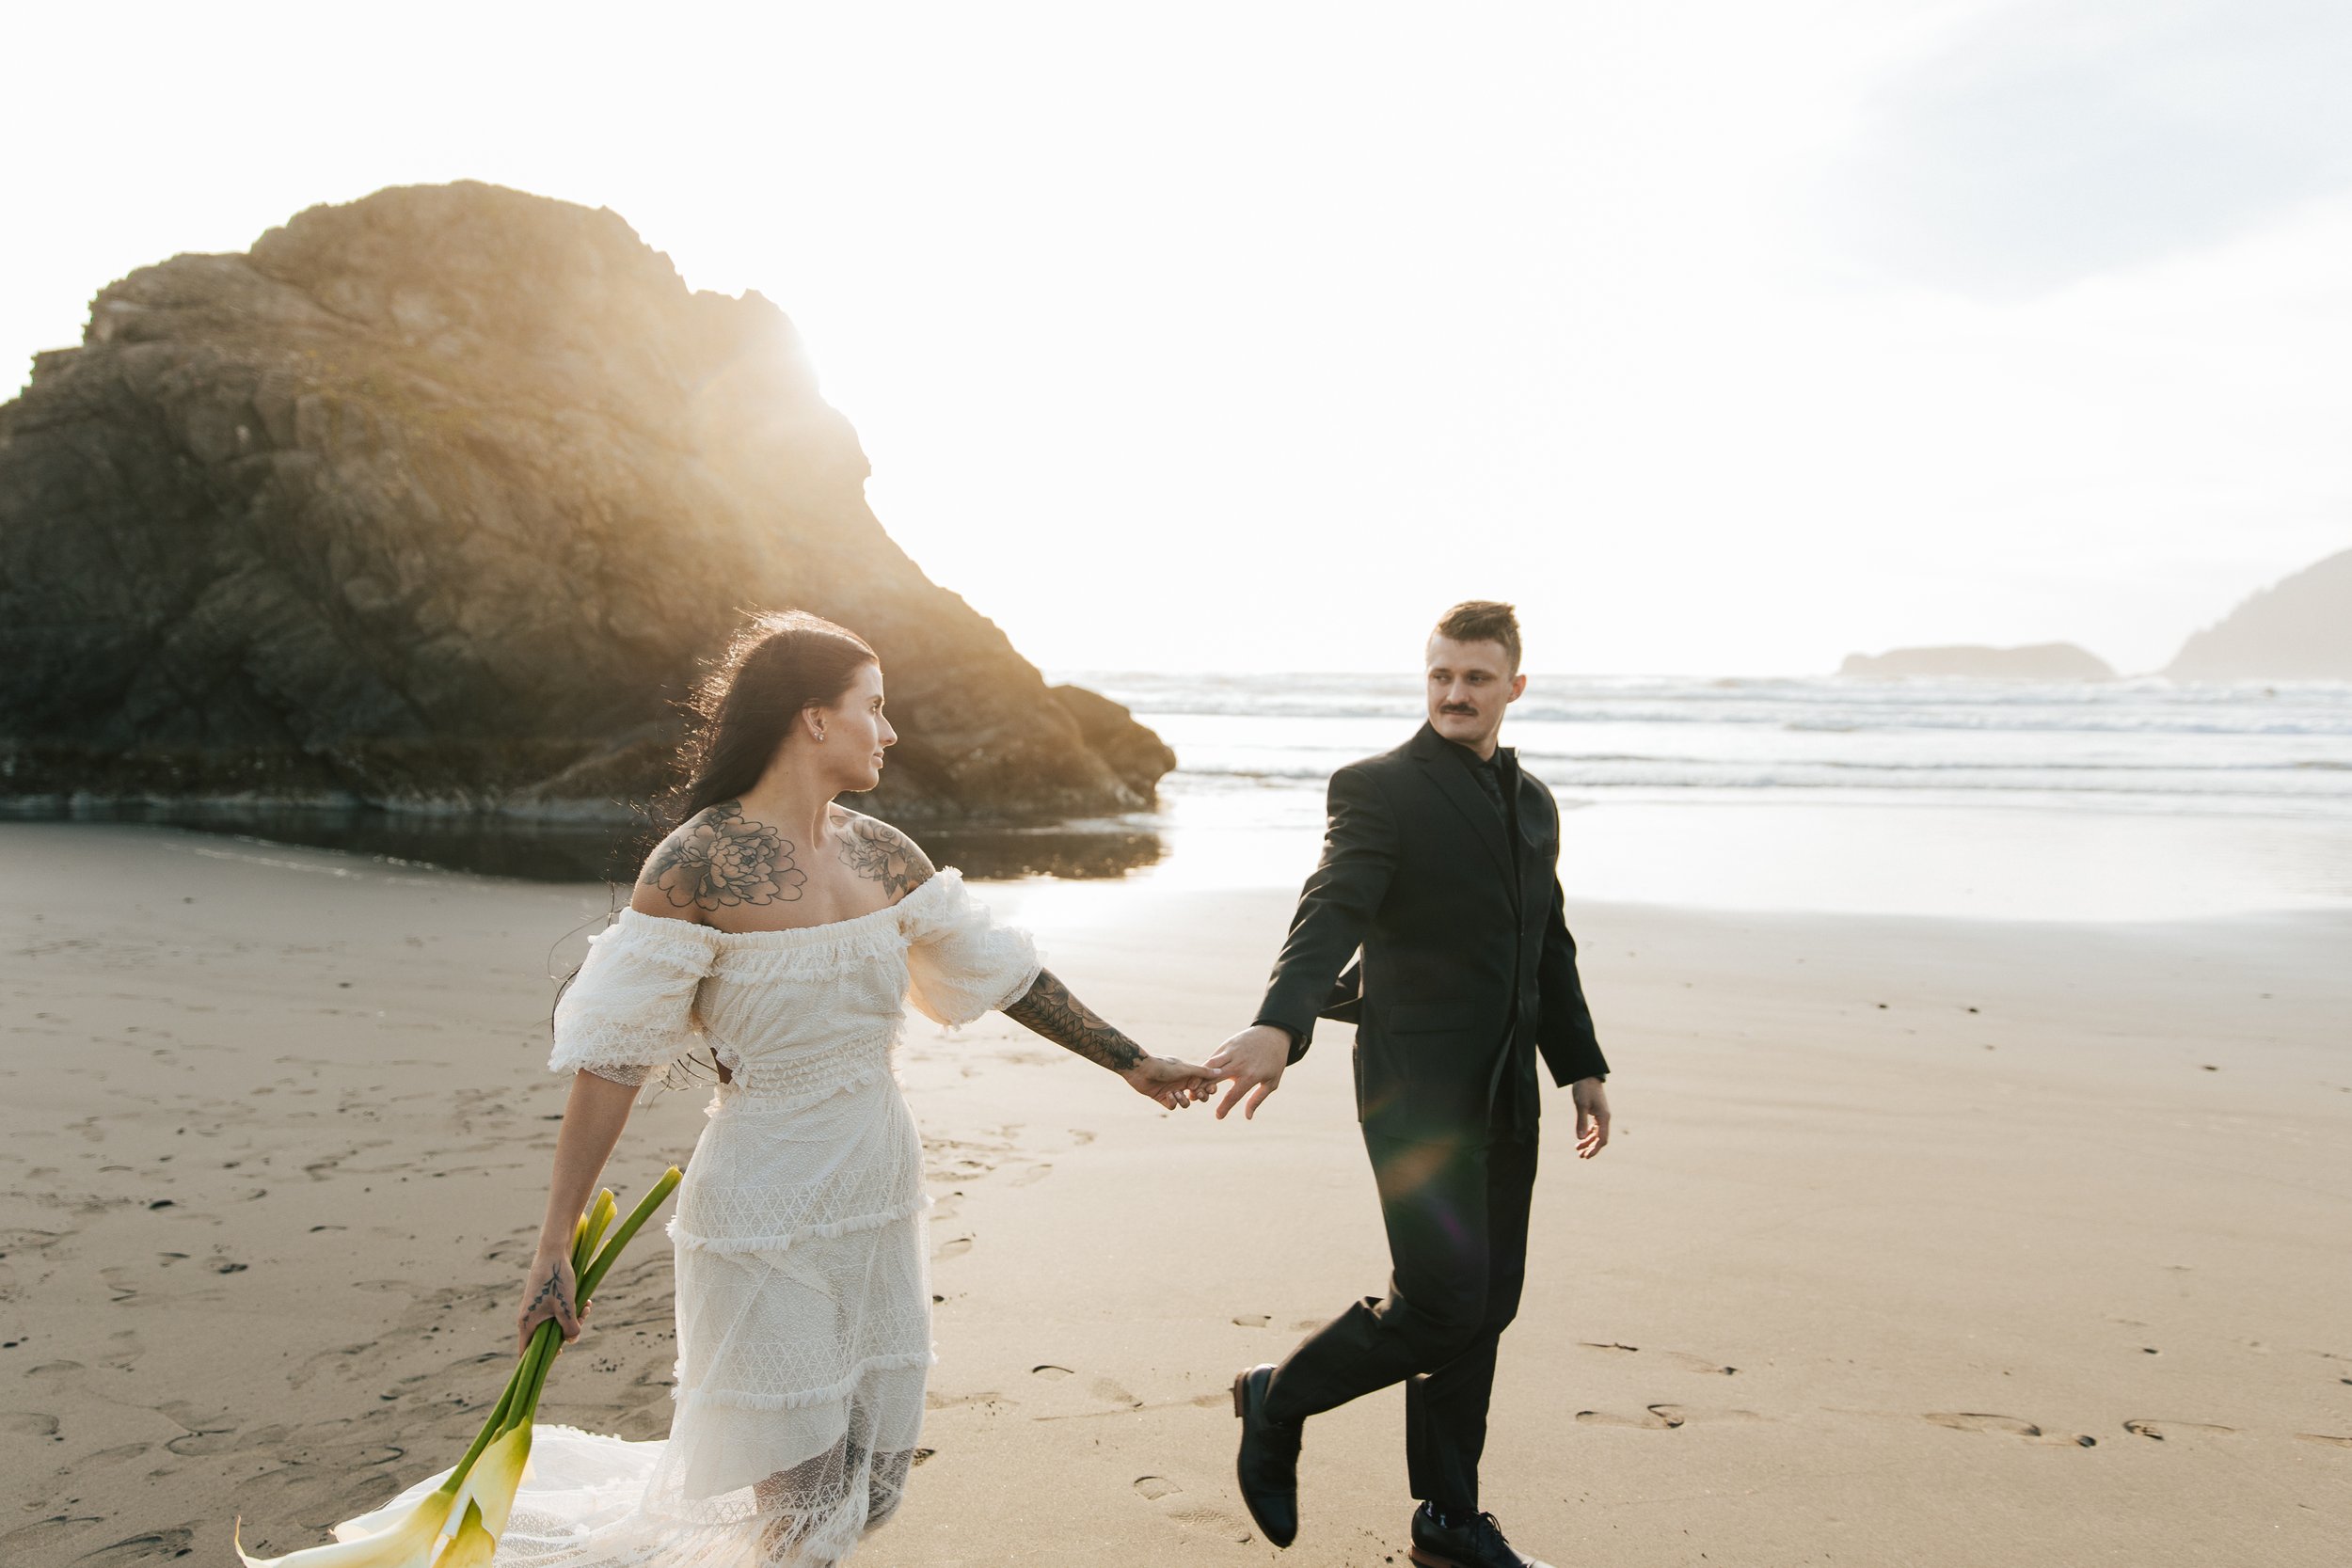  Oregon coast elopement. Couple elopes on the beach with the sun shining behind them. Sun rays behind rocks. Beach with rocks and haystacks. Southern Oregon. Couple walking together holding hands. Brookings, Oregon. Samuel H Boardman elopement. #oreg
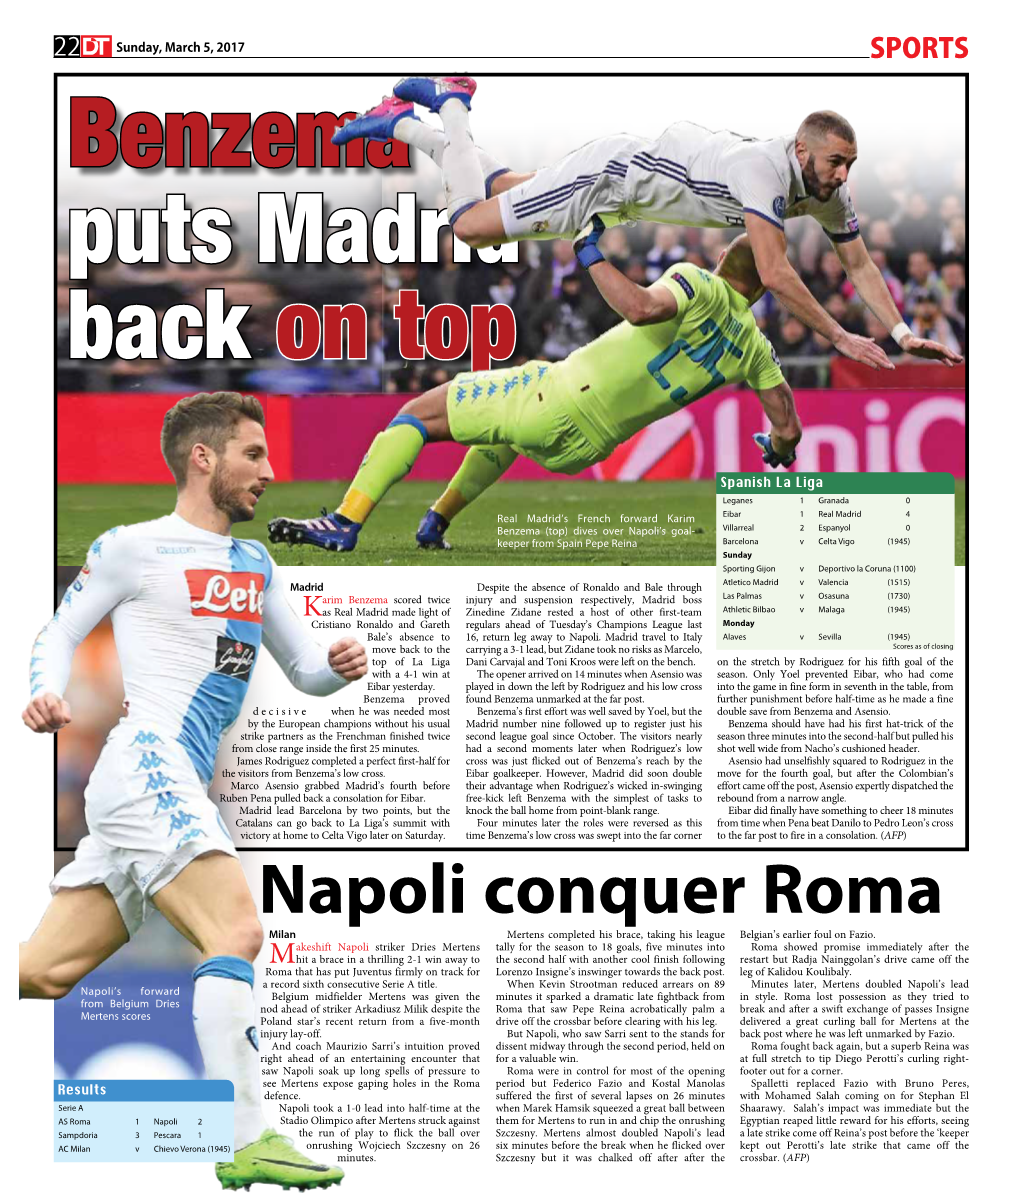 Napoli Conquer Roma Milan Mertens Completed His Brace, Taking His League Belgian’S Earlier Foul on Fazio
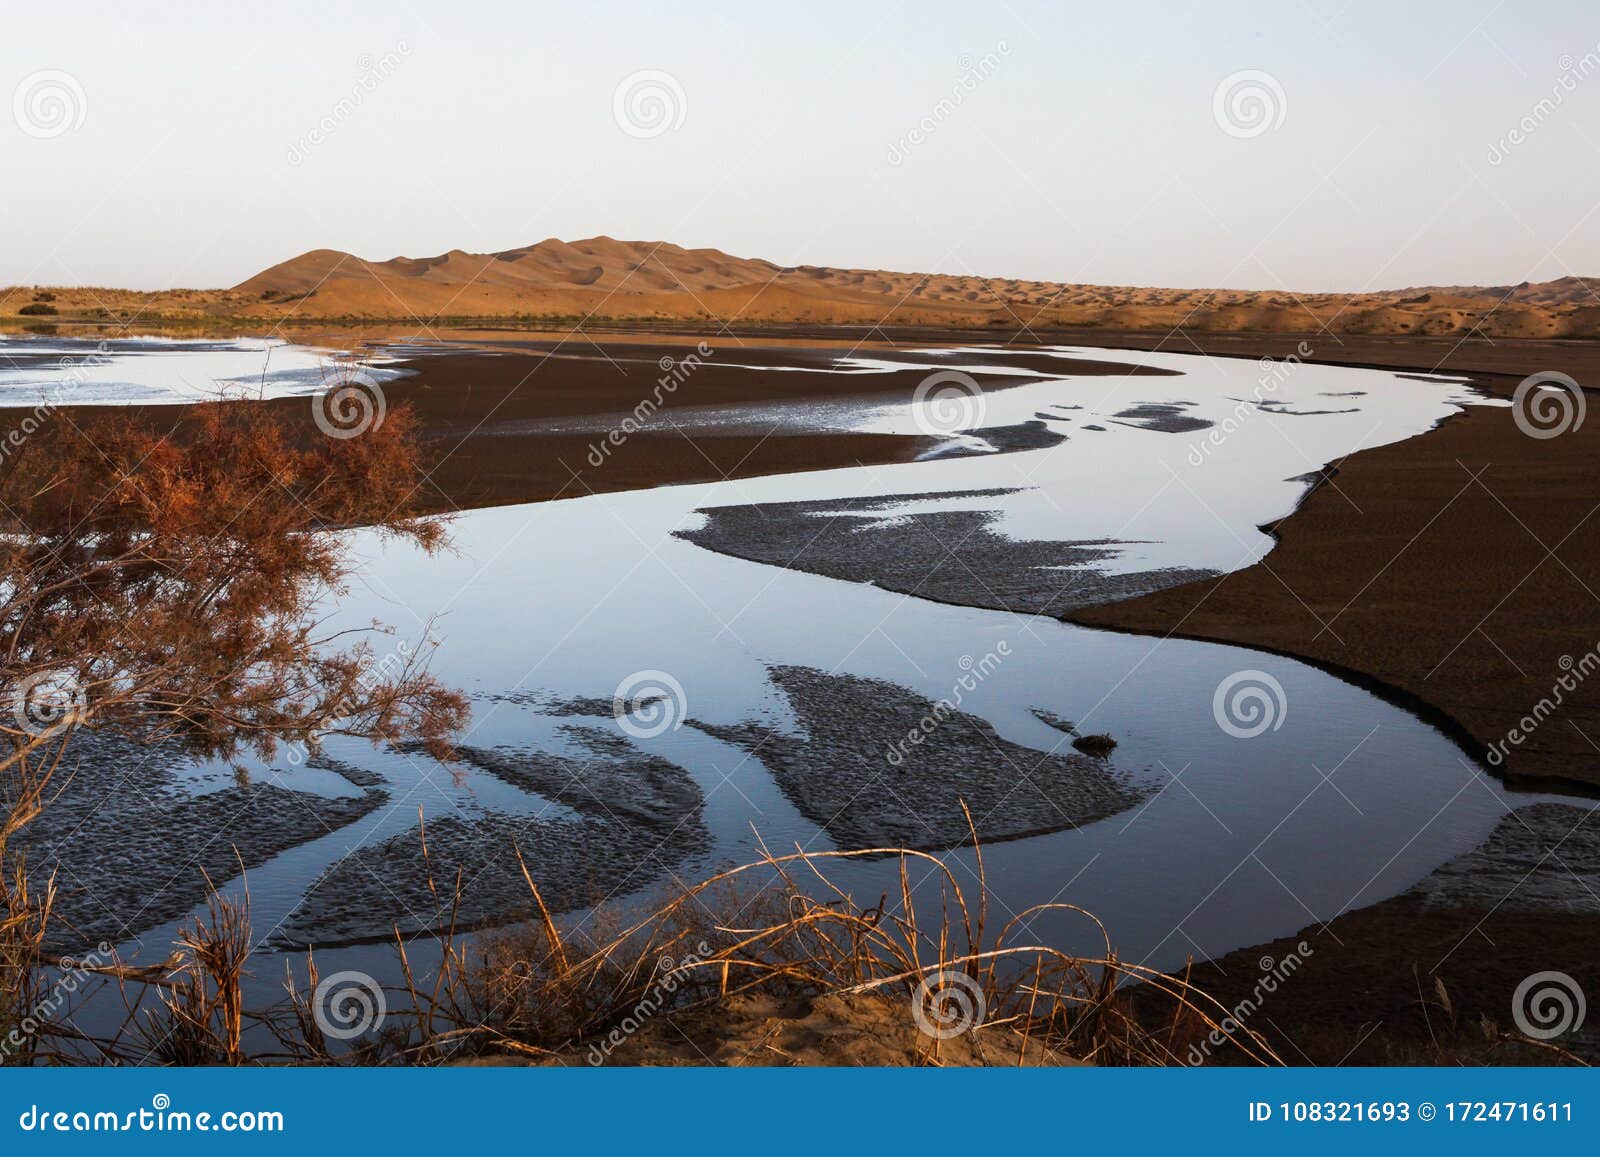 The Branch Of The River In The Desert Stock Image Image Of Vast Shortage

----------------------------------------

Task prompt: Exact output of each line above is wanted, without the pictures.

Result for this exercise:
  Oregon coast elopement. Couple elopes on the beach with the sun shining behind them. Sun rays behind rocks. Beach with rocks and haystacks. Southern Oregon. Couple walking together holding hands. Brookings, Oregon. Samuel H Boardman elopement. #oreg
 Napoli Conquer Roma Milan Mertens Completed His Brace, Taking His League Belgian’S Earlier Foul on Fazio
 The Branch Of The River In The Desert Stock Image Image Of Vast Shortage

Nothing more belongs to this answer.